WHAT NEEDS TO BE DONE =>
Give again, unaltered, the lines of the listing below that run from the line having "E23A024:ตู้เสื้อผ้าบานเลื่อนกระจกเงา สูง 200H" through the line having "Bravo LipSense Collage".

THE RECORDS =>
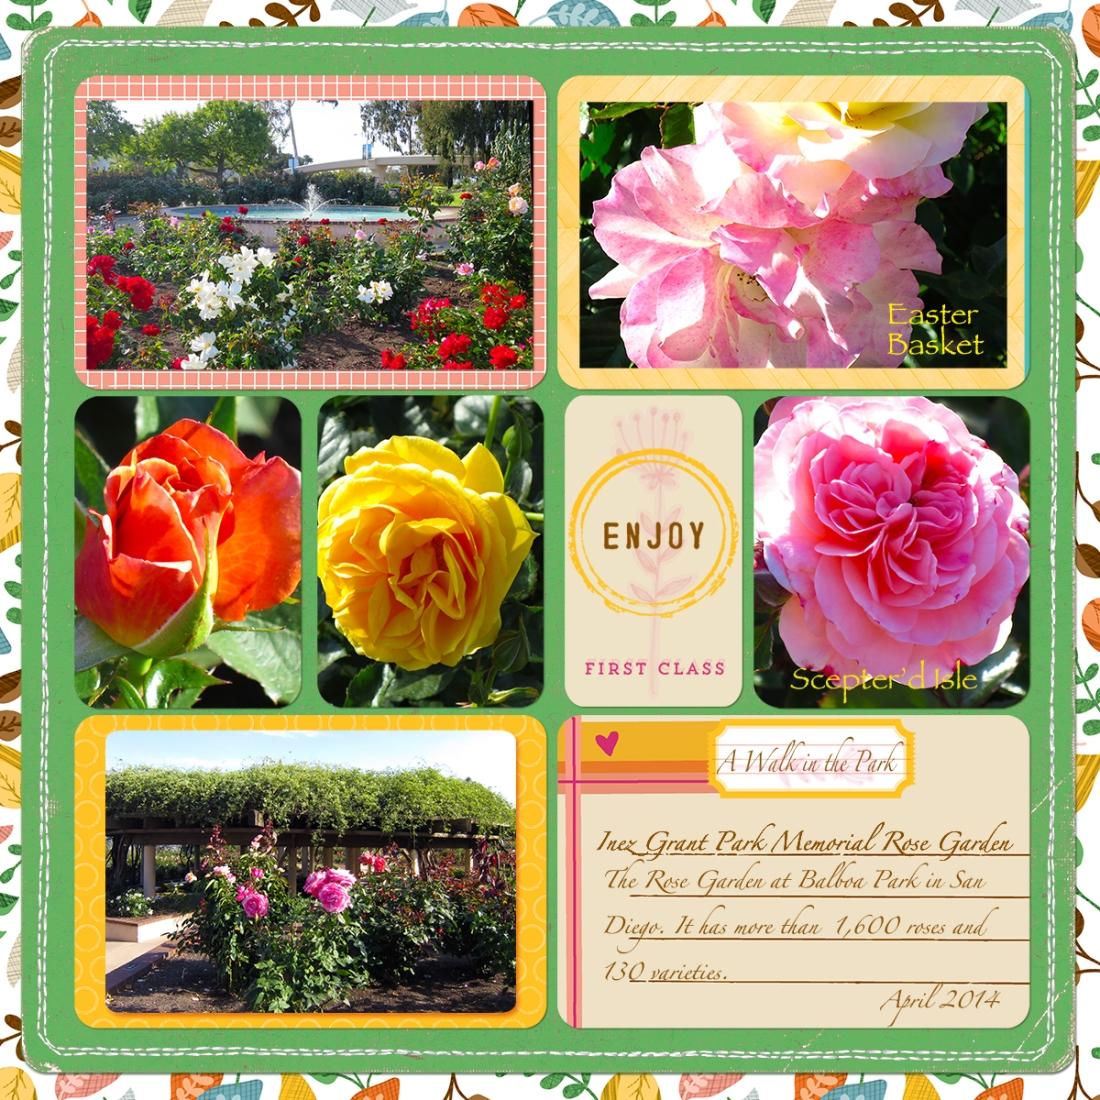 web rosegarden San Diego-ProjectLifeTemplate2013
--
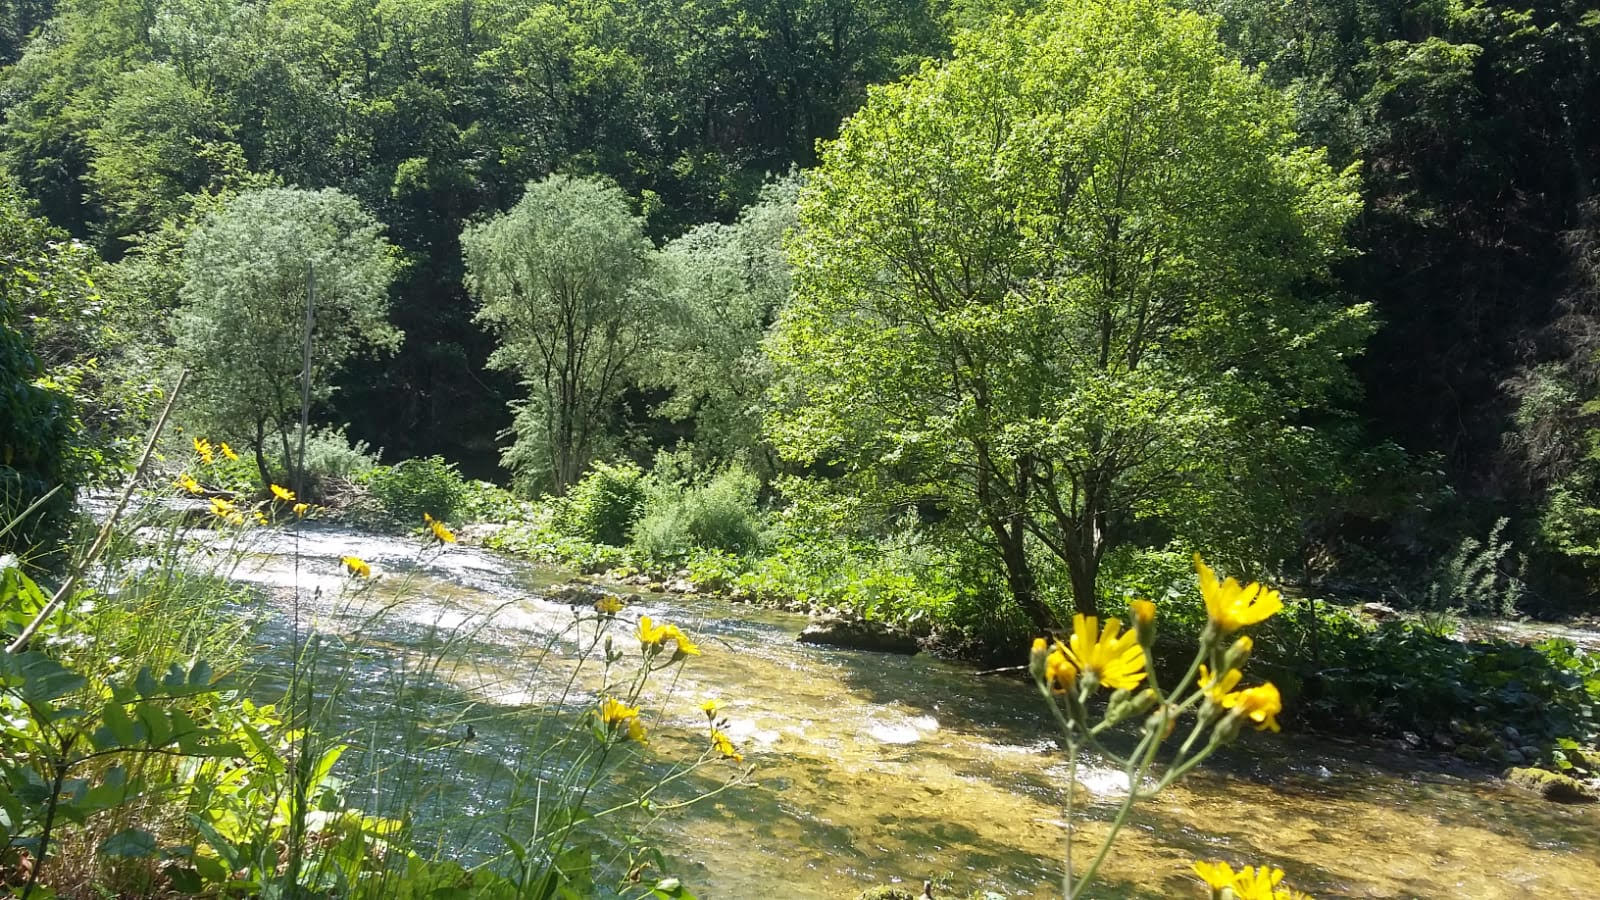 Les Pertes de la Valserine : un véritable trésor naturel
==
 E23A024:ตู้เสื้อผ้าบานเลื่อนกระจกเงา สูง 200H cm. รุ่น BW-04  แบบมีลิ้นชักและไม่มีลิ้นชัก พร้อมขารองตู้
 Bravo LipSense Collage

ANSWER BOX =>
 E23A024:ตู้เสื้อผ้าบานเลื่อนกระจกเงา สูง 200H cm. รุ่น BW-04  แบบมีลิ้นชักและไม่มีลิ้นชัก พร้อมขารองตู้
 Bravo LipSense Collage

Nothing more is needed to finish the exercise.